▶ _WHAT TO PRODUCE_
Set down exactly, from the records below, the line with "Así será la" through the line with "Vista posterior o", and nothing else.

==== SUPPLIED INFORMATION

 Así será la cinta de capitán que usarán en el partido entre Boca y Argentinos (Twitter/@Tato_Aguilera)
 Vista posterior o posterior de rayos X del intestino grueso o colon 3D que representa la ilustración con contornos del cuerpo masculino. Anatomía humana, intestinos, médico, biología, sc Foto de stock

========
==== SUPPLIED INFORMATION

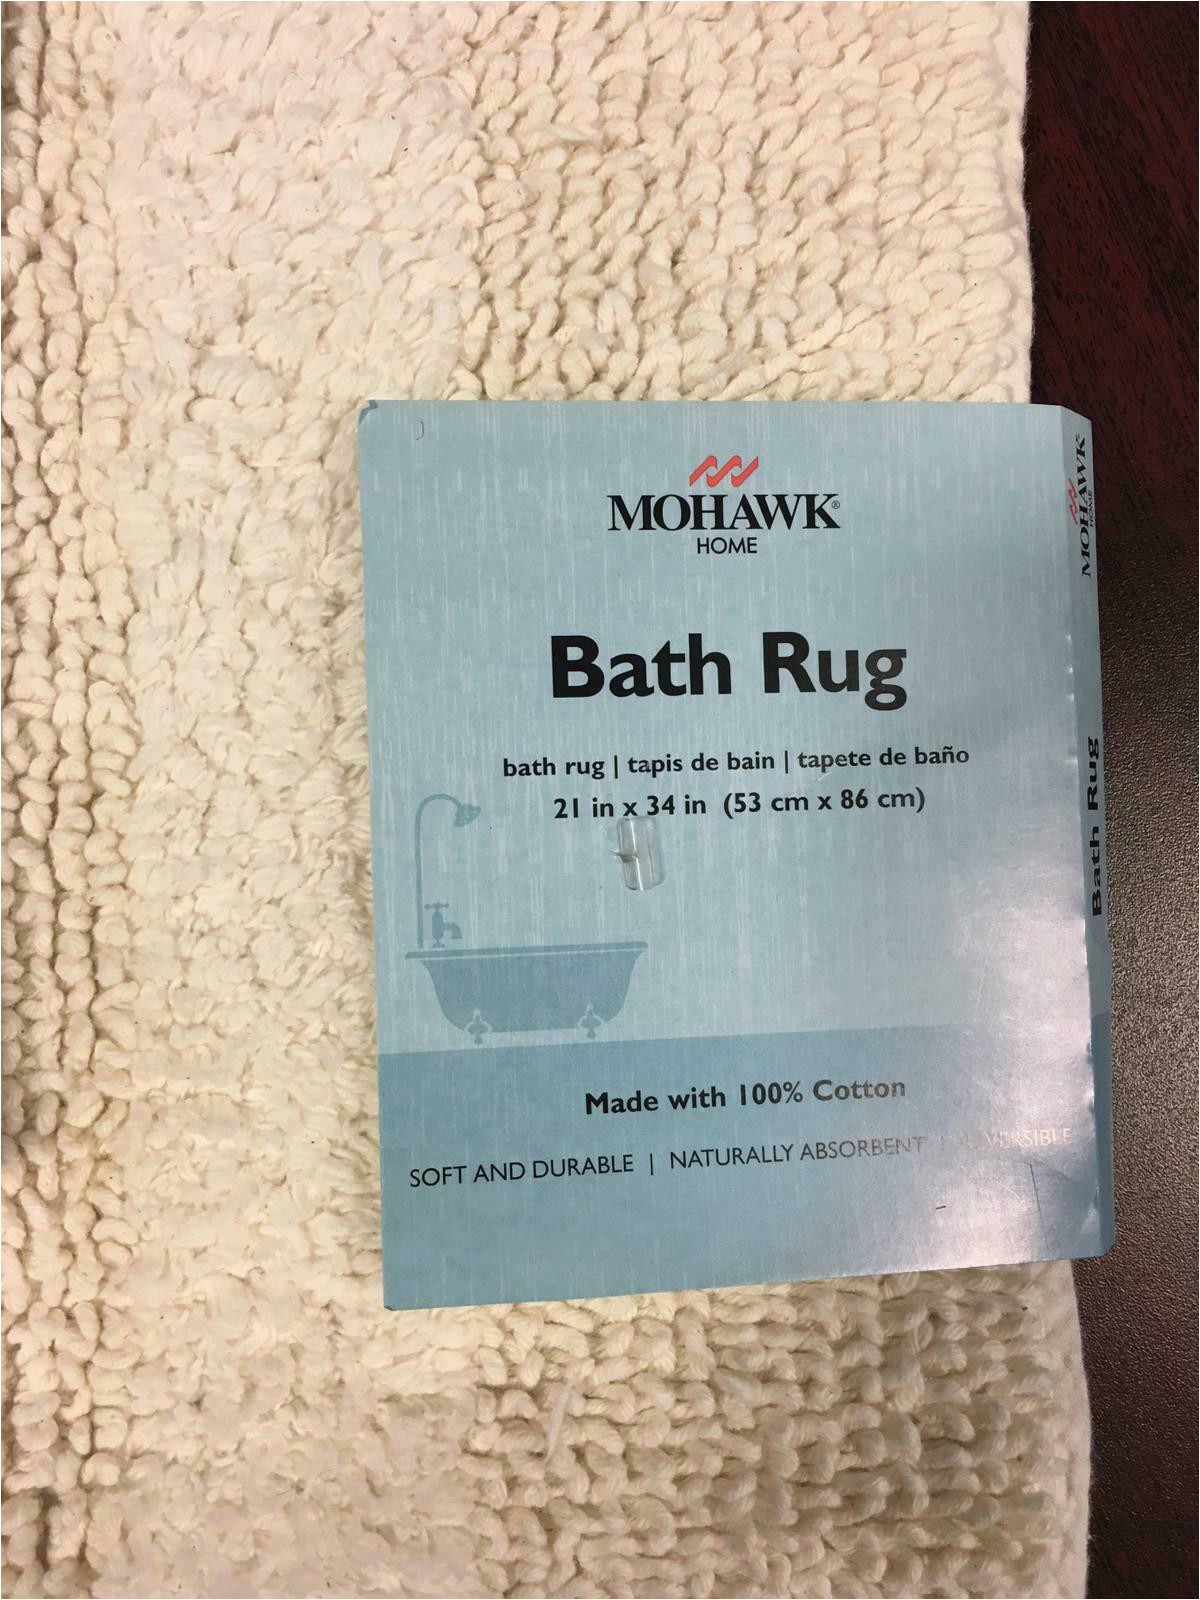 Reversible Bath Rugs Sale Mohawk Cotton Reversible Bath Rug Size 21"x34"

========
==== SUPPLIED INFORMATION

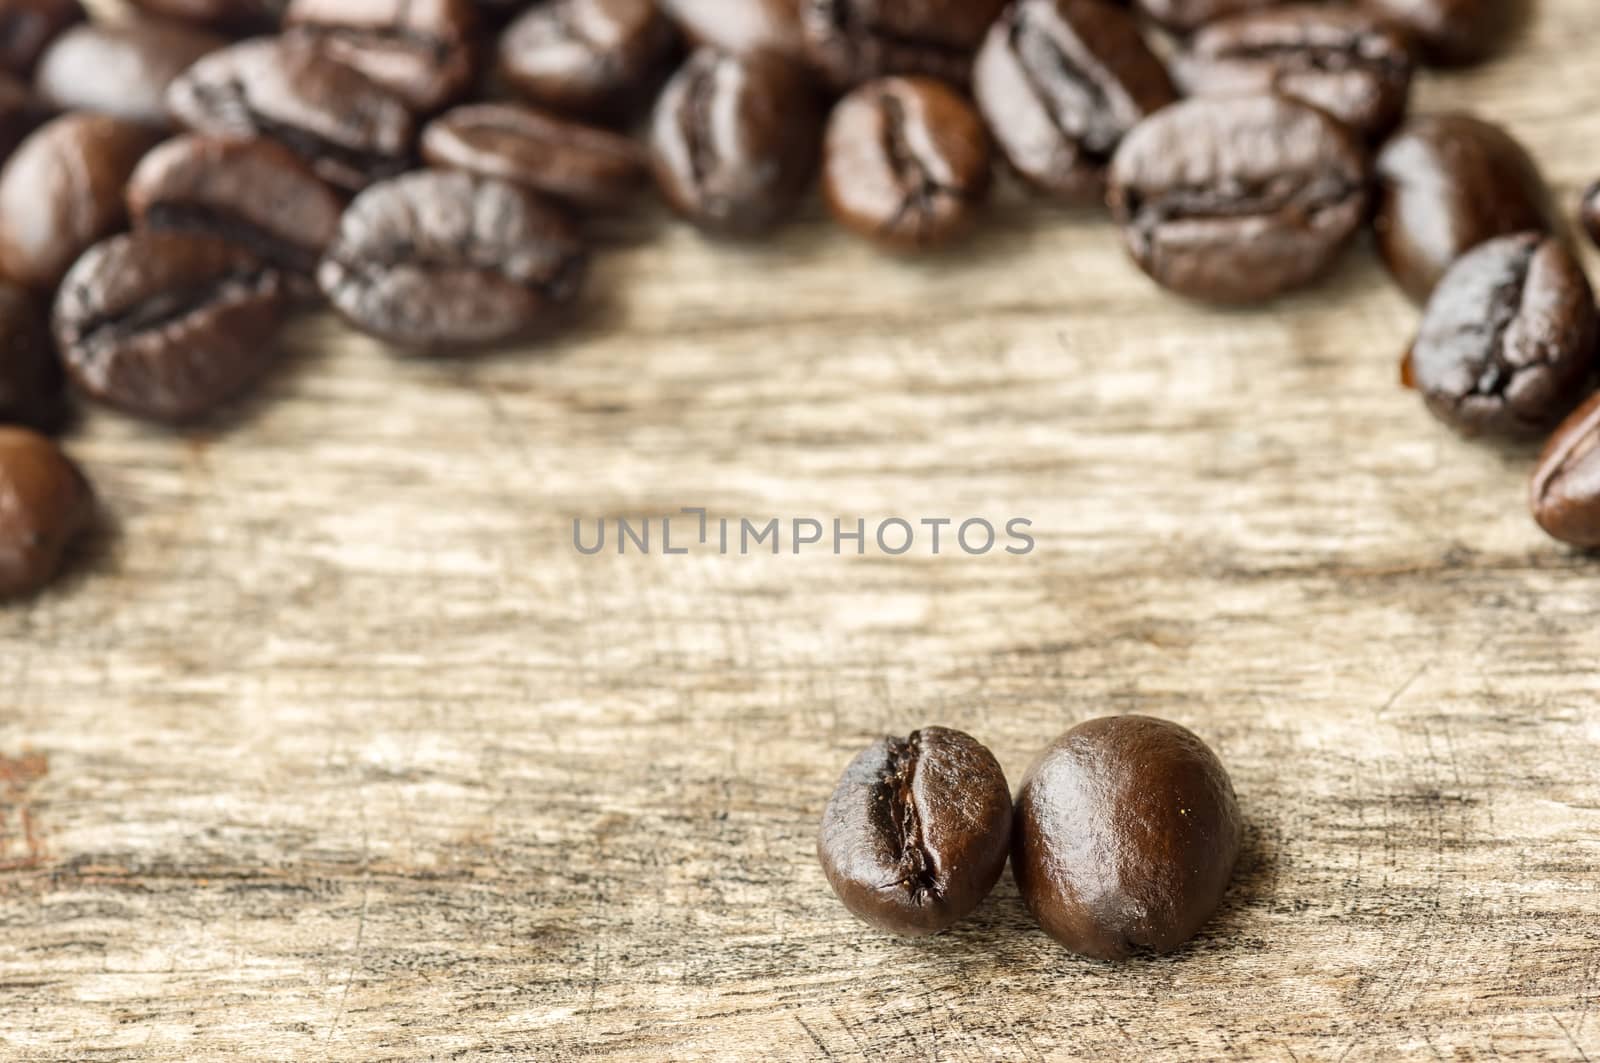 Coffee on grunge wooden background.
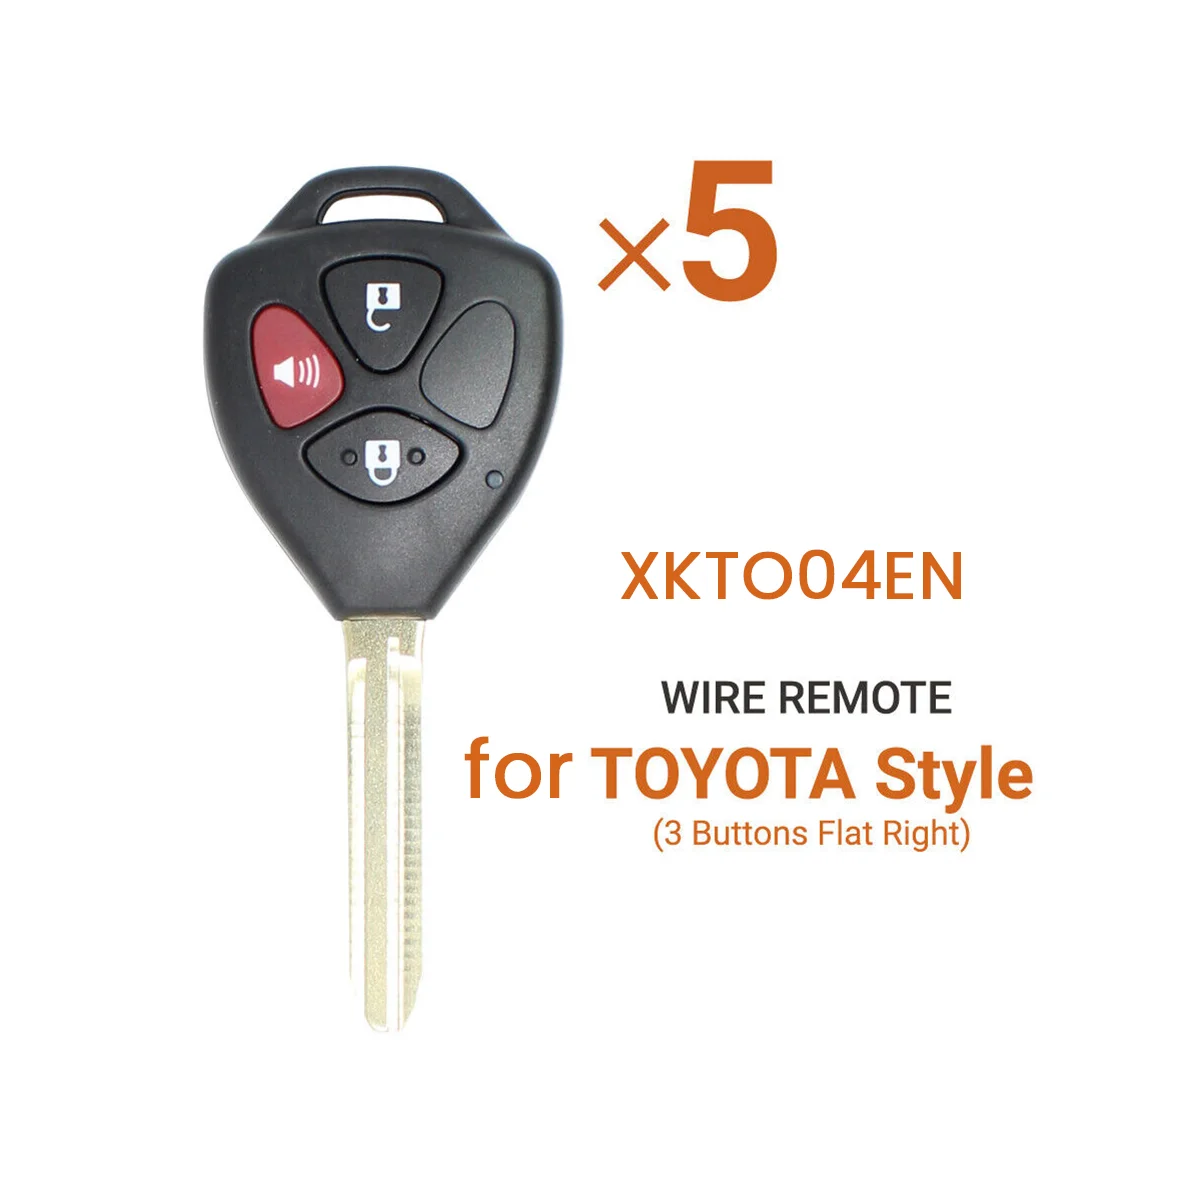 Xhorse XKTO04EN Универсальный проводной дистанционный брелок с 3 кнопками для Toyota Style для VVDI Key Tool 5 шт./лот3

========

▶ _ANSWER SECTION_
 Así será la cinta de capitán que usarán en el partido entre Boca y Argentinos (Twitter/@Tato_Aguilera)
 Vista posterior o posterior de rayos X del intestino grueso o colon 3D que representa la ilustración con contornos del cuerpo masculino. Anatomía humana, intestinos, médico, biología, sc Foto de stock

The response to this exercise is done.